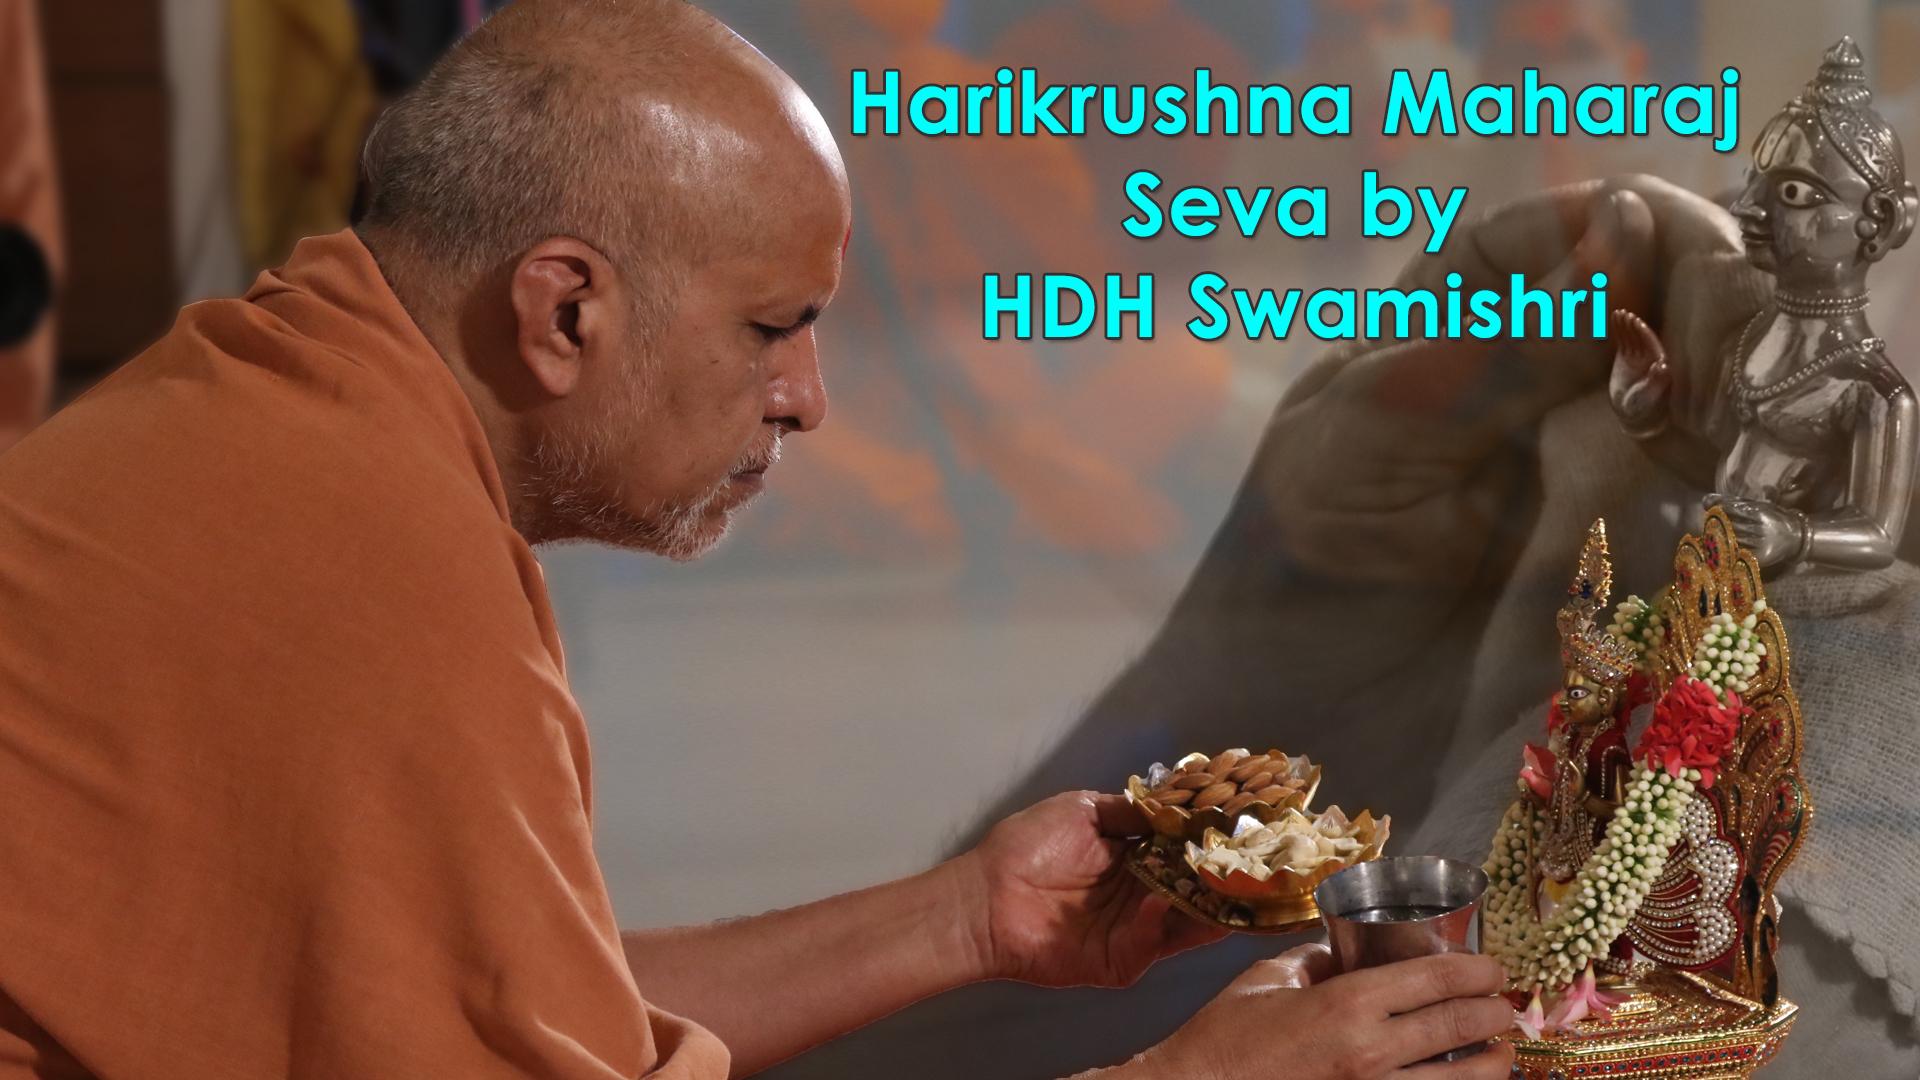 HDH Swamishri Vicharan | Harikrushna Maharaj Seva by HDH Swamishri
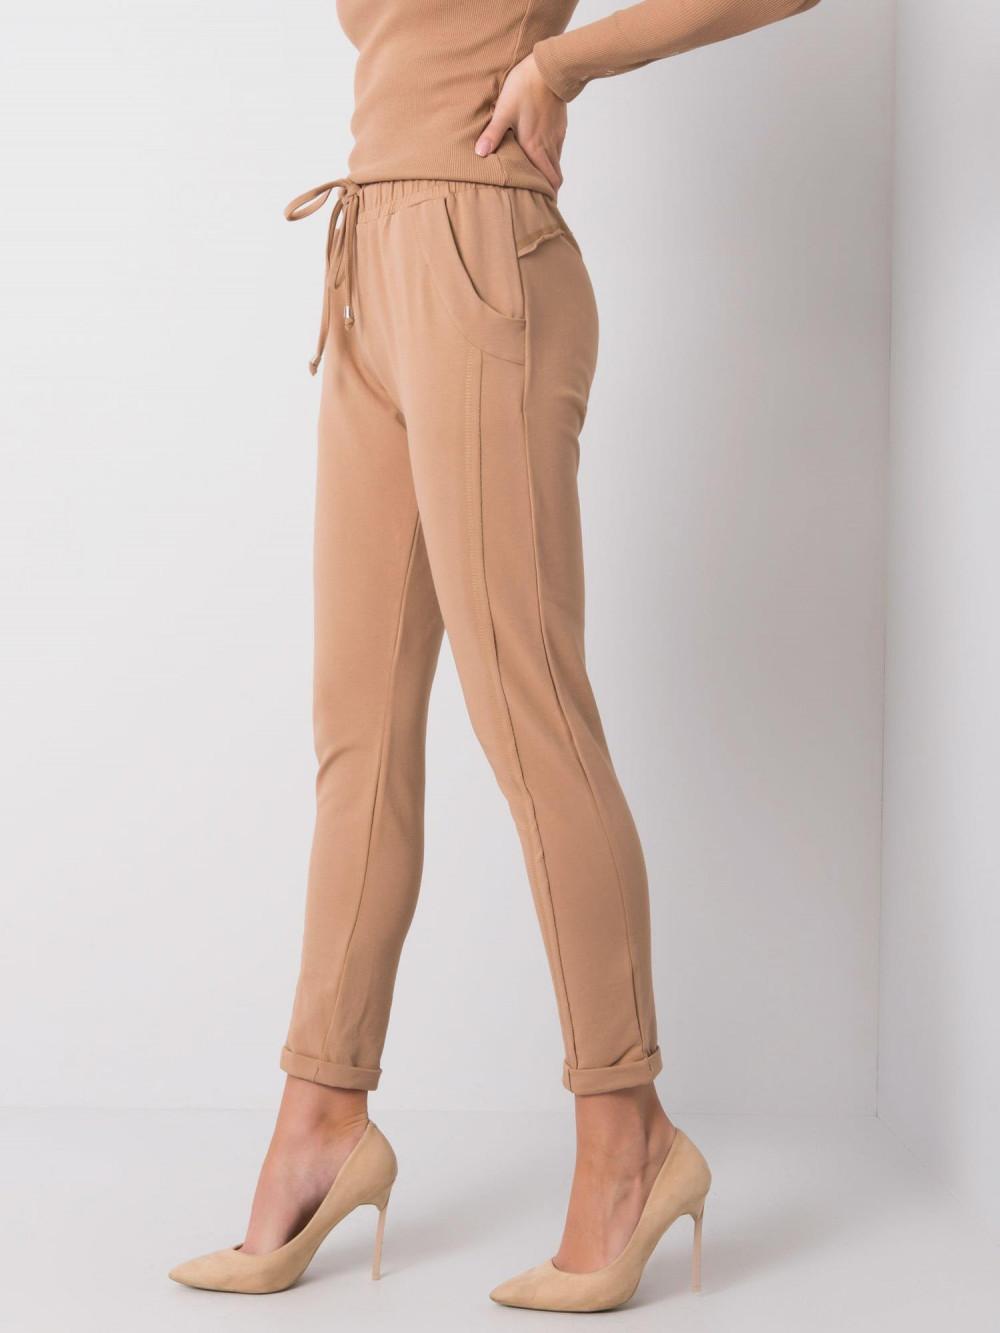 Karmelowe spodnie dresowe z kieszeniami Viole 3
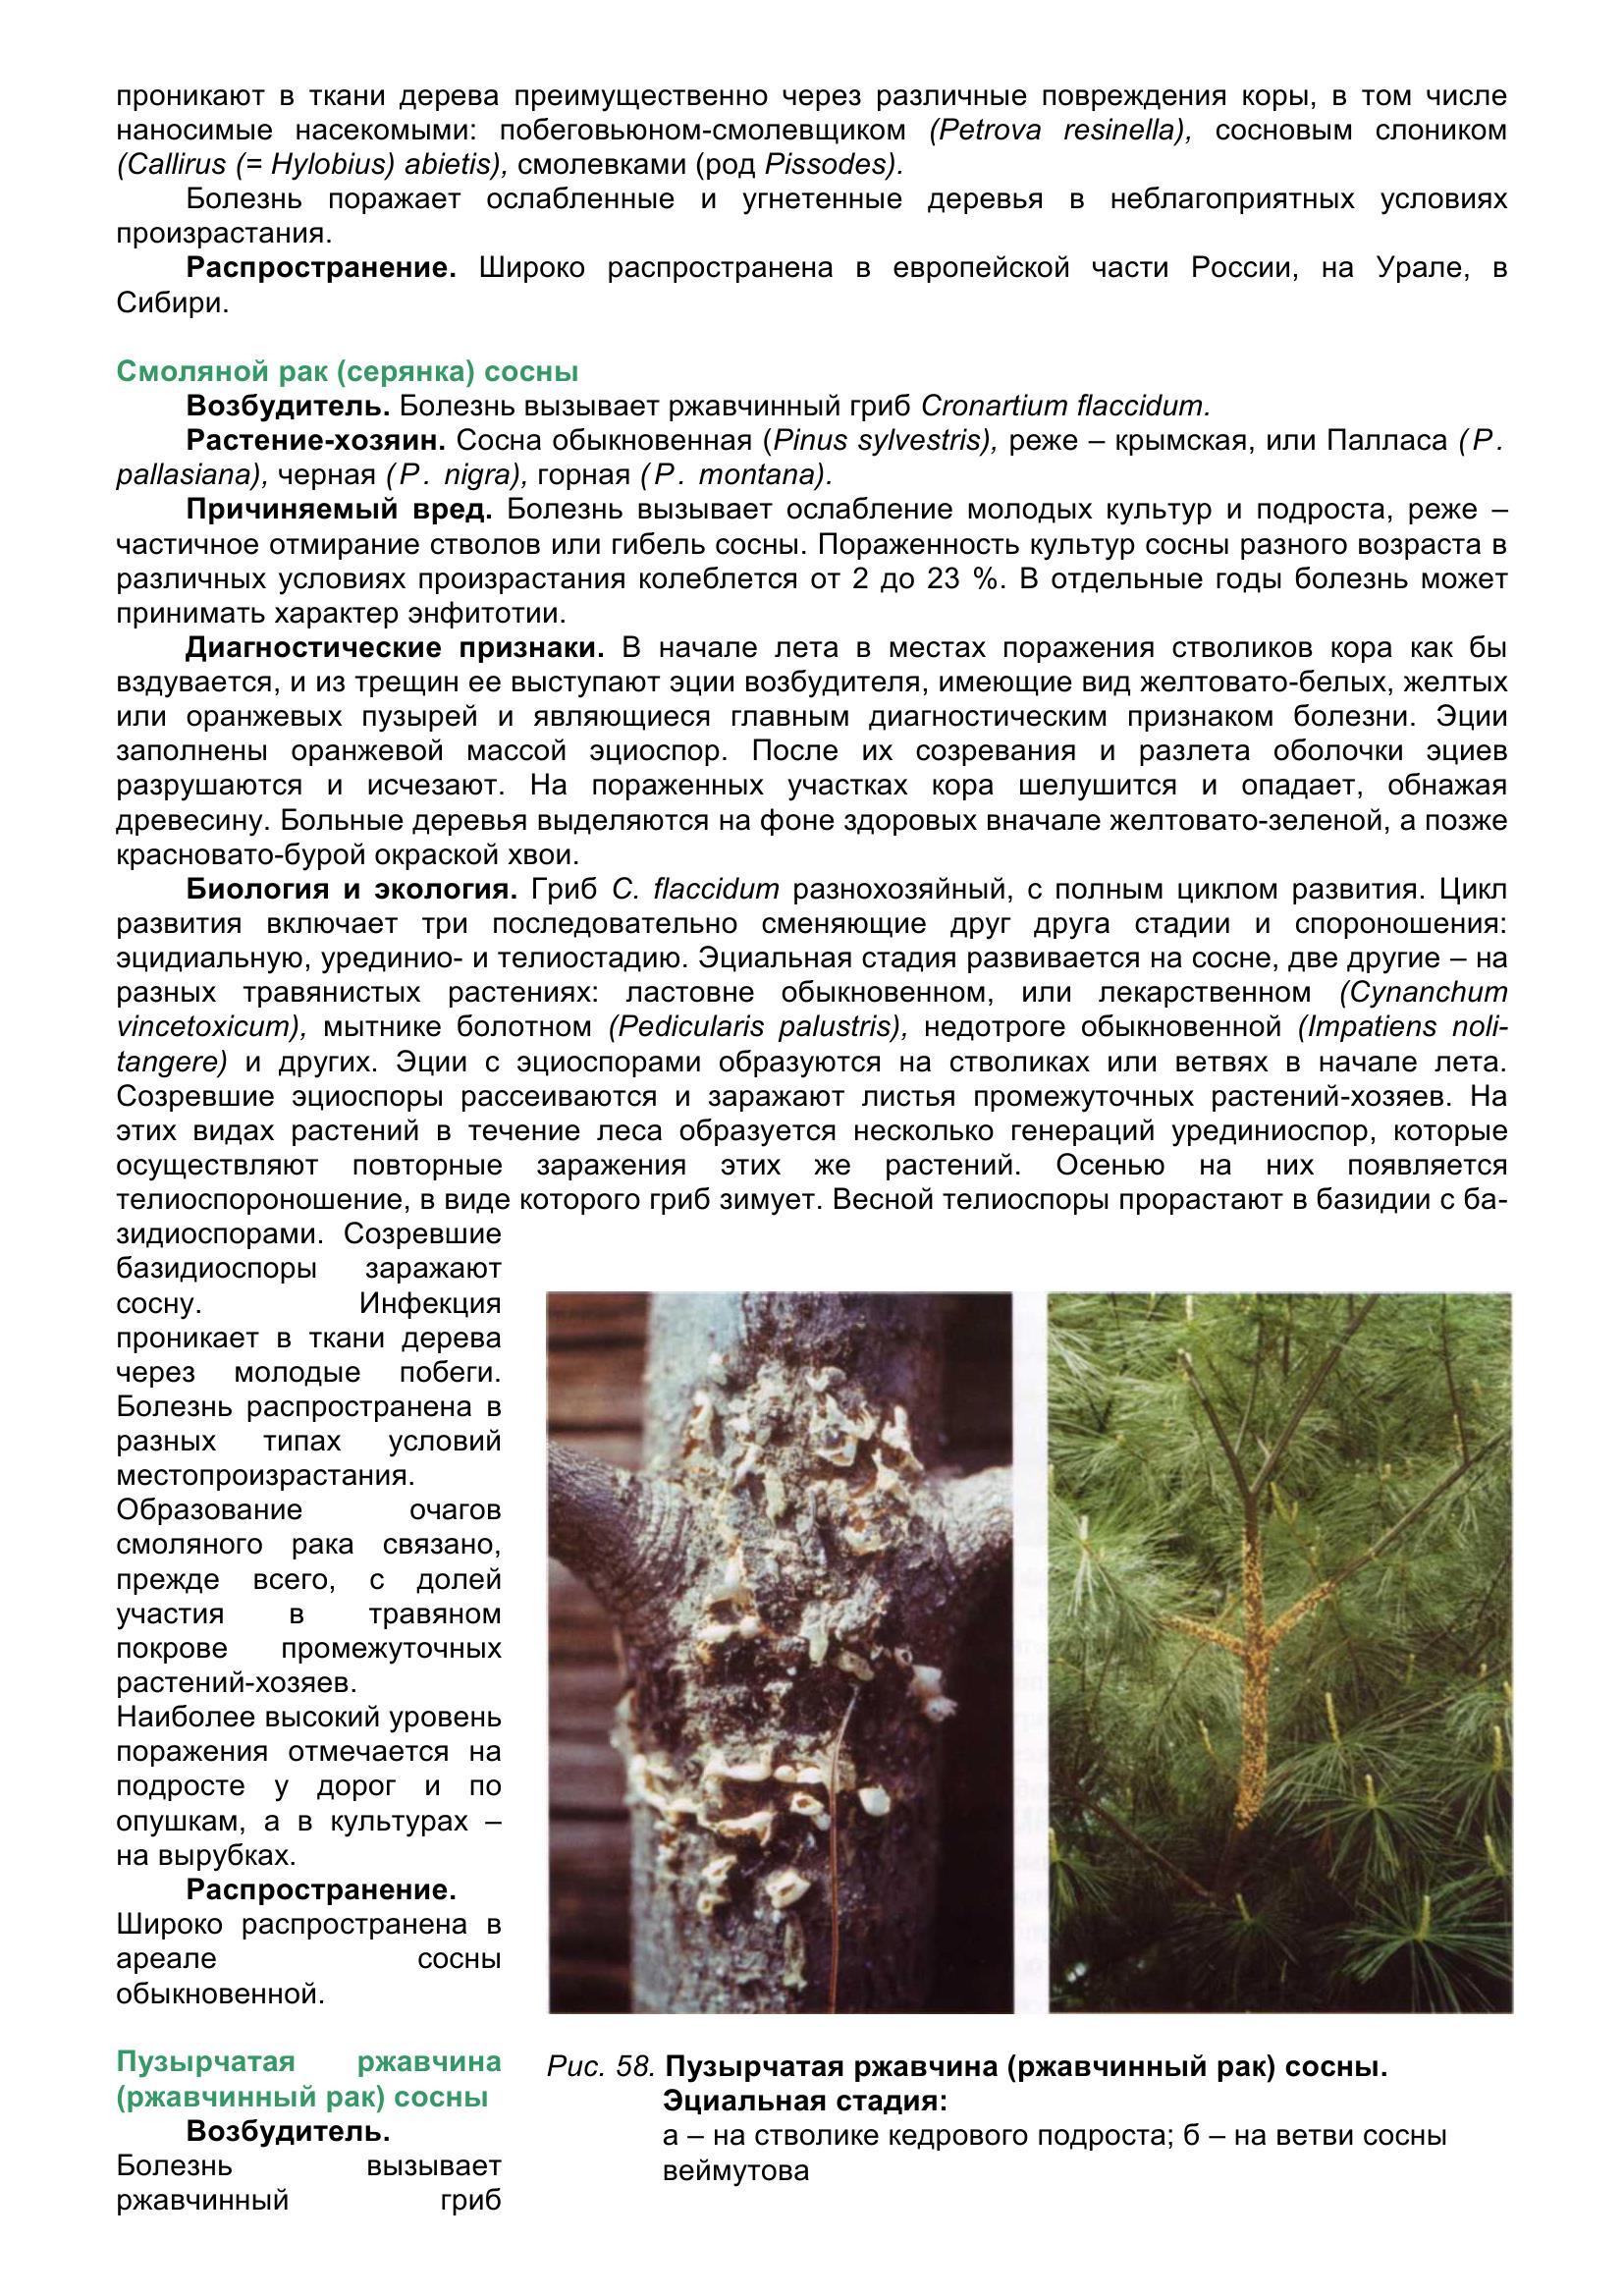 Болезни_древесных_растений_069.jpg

Task statement: Give back an exact copy of only the lines from the one with "Karmelowe spodnie dresowe" through the final line of the material, both included. Pictures do not belong in it.

Written reply:
 Karmelowe spodnie dresowe z kieszeniami Viole 3
 Болезни_древесных_растений_069.jpg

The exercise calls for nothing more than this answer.